How was this model trained? The technical report reveals some details.
First, it is built upon Qwen2.5-Coder-3B and undergoes post-training using an upgraded Spectrum-to-Signal process. This process strengthens data synthesis, quality filtering, and curriculum learning in Supervised Fine-Tuning (SFT), extends MGPO-style reinforcement learning to multiple verifiable domains, preserves complete long-context reasoning trajectories, and consolidates various capabilities through offline self-distillation and instruction reinforcement learning (Instruct RL).
Overall training pipeline of VibeThinker-3B
Spectrum-to-Signal pipeline.
Furthermore, VibeThinker-3B introduces Claim-Level Reliability (CLR) assessment, a test-time scaling strategy for answer-verifiable reasoning. CLR further improves performance on mathematical benchmarks, raising AIME26 from 94.3 to 97.1, HMMT25 from 89.3 to 95.4, and BruMO25 to 99.2.
The specific training pipeline is as follows:
- Curriculum-based two-stage SFT. The first stage focuses on broad capability coverage in mathematics, programming, STEM reasoning, general conversation, and instruction following. The second stage shifts to more difficult, broader-scope reasoning samples. Diversity-Exploring Distillation is used to preserve multiple valid solution paths.
- Multi-domain reasoning reinforcement learning.
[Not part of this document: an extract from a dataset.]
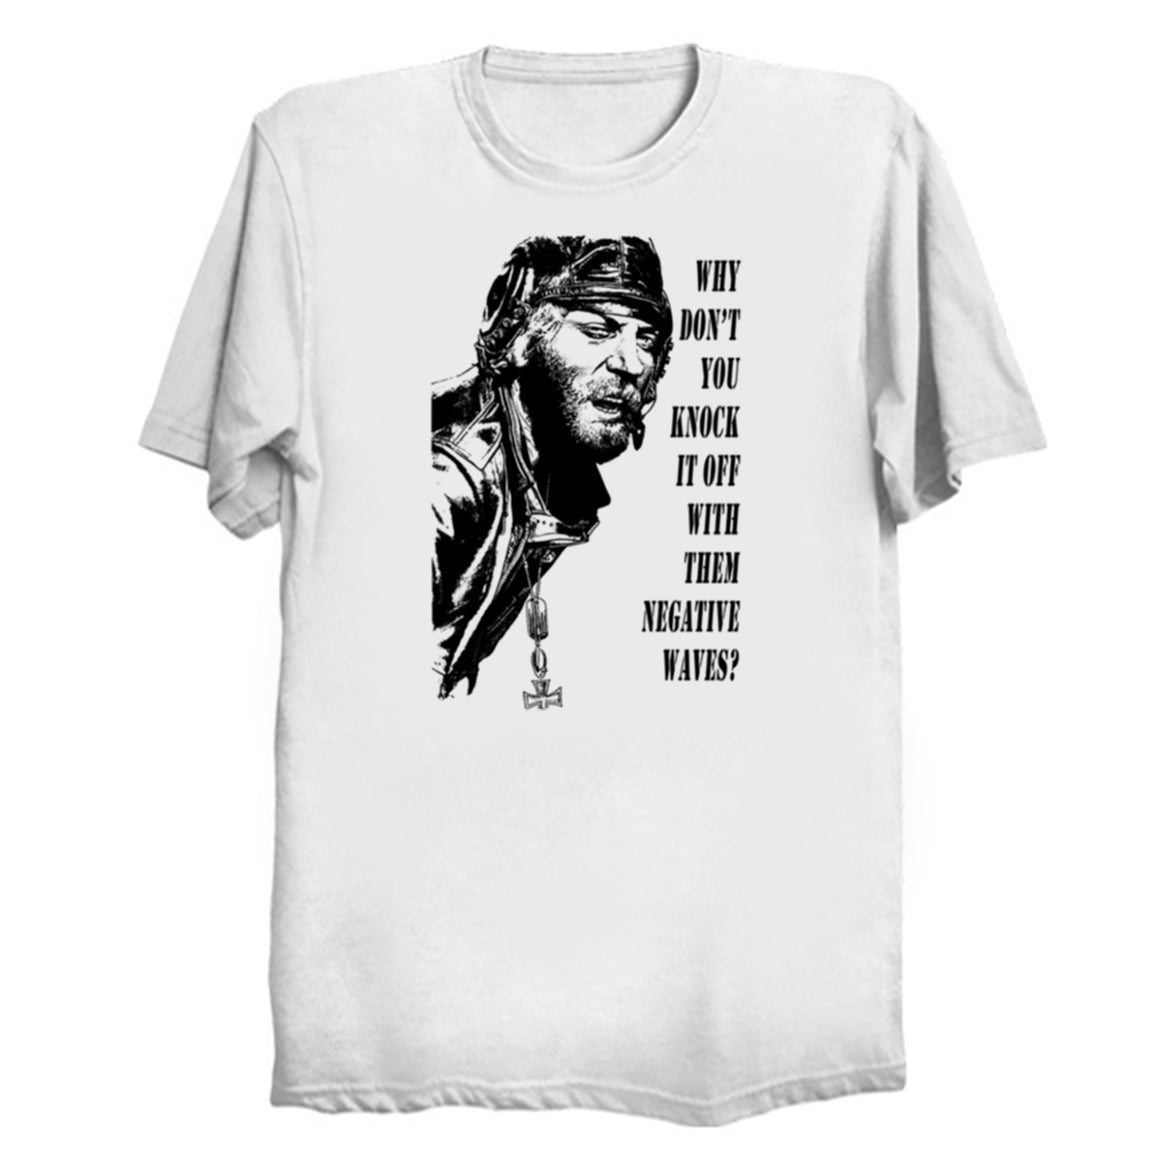 T-shirt featuring Oddball from the movie 1970 Kelly's Heroes, portrayed by Donald Sutherland

VibeThinker-3B reuses MGPO. Reinforcement learning is applied sequentially to mathematical, programming, and STEM reasoning tasks. Training uses a single 64K long-context window to preserve complete long-horizon reasoning trajectories.
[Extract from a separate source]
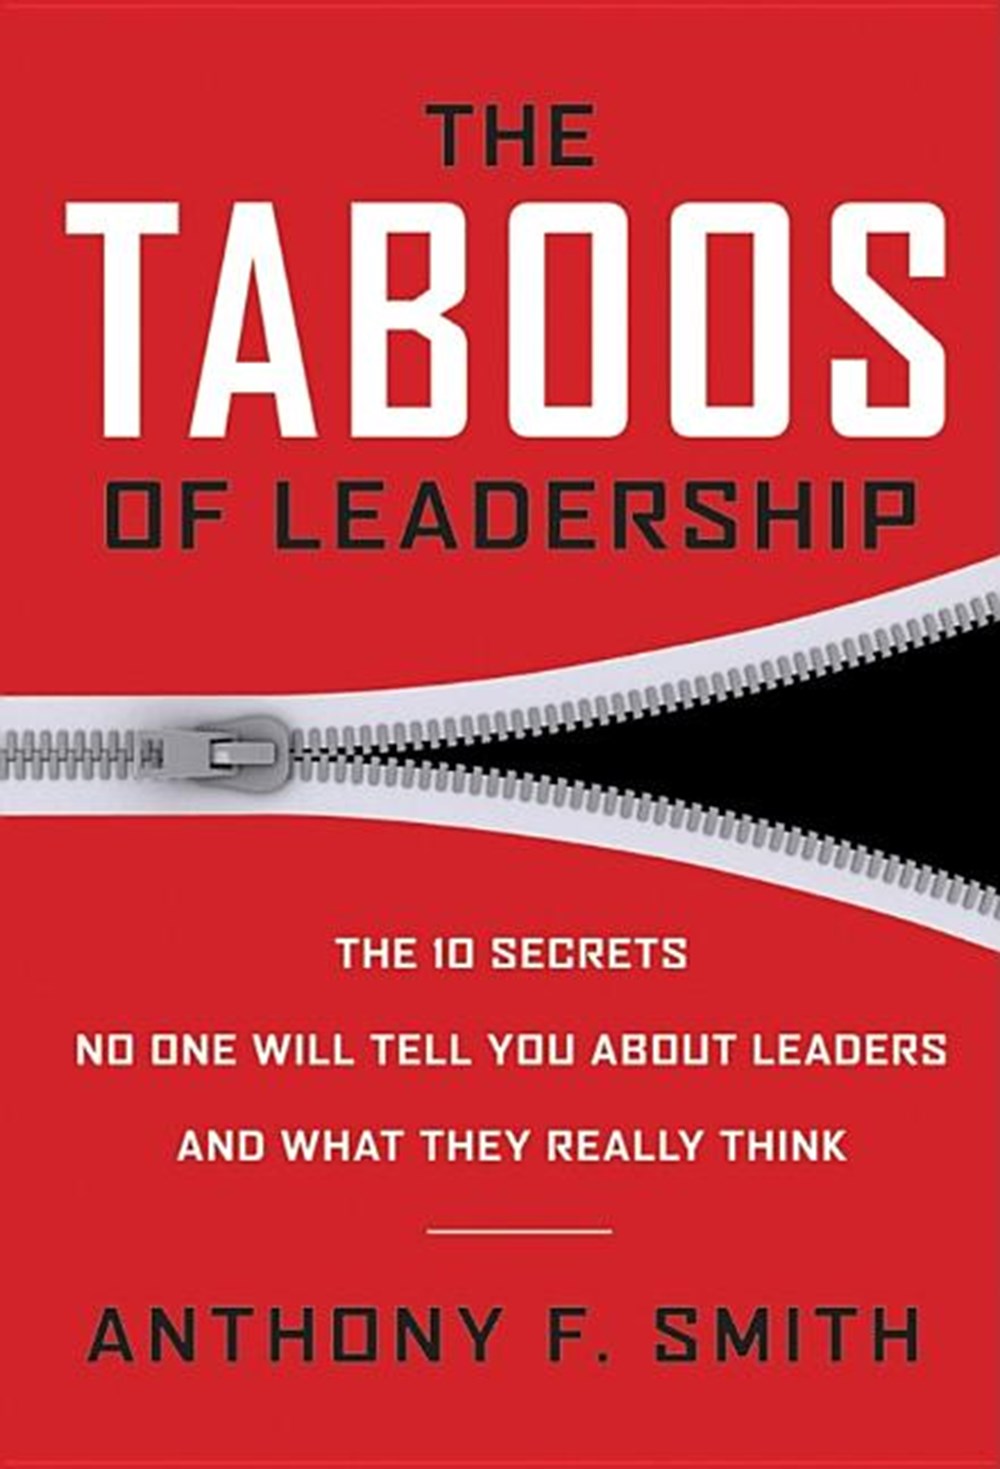 Taboos of Leadership: The 10 Secrets No One Will Tell You about Leaders and What They Really Think

- Offline self-distillation. High-quality trajectories are filtered and distilled from the mathematical, programming, and STEM RL checkpoints, ultimately forming a unified student model. Learning Potential Scoring is used to prioritize trajectories that are correct but not yet well imitated by the student.
- Instruct RL. The final stage improves the controllability for user-facing prompts. For format-sensitive and open-ended instructional data, rule-based verifiers and rubric-based reward models are employed.
In a recent post, well-known AI researcher and blogger Sebastian Raschka systematically summarized key points disclosed in the VibeThinker-3B technical report, including the following:
If you are interested in this content, you can delve into their technical report. Currently, the model is also publicly available for download.
Report Title: VibeThinker-3B: Exploring the Frontier of Verifiable Reasoning in Small Language Models
Report Link: https://arxiv.org/pdf/2606.16140
HuggingFace Link: https://huggingface.co/WeiboAI/VibeThinker-3B
However, the model's applicable scope has clear limitations, as it does not perform well in domains requiring general knowledge.
The developers also explicitly point this out and propose the "Parameter Compression Coverage Hypothesis": Different capabilities rely on model parameters in drastically different ways. Verifiable reasoning is closer to a highly compressible, parameter-dense ability whose core lies in multi-step reasoning, constraint satisfaction, self-correction, and answer verification. When the task space structure is clear enough and feedback signals are sufficiently reliable, compact models can also possess near-state-of-the-art reasoning capabilities. In contrast, open-domain knowledge, general conversation, and long-tail scenario understanding rely more on large-scale parameters to extensively cover facts, concepts, and world knowledge. This hypothesis is very insightful. VentureBeat wrote in its report: "It reveals a partial decoupling between reasoning capability and factual knowledge, and that the former can be compressed more efficiently than previously thought — an insight that has profound implications for how the industry thinks about model design, deployment costs, and the accessibility of advanced AI capabilities."
The authors state that their goal is not to create a small model to replace large-scale models, but to examine the true boundaries of small models along specific capability dimensions. With VibeThinker-3B, they hope to demonstrate that small models should not merely be seen as a compromise to reduce deployment costs. In capability domains with clear feedback and verification mechanisms, small language models are revealing a promising research path, potentially achieving frontier-level performance and forming a fundamentally complementary relationship with the traditional paradigm of parameter scaling.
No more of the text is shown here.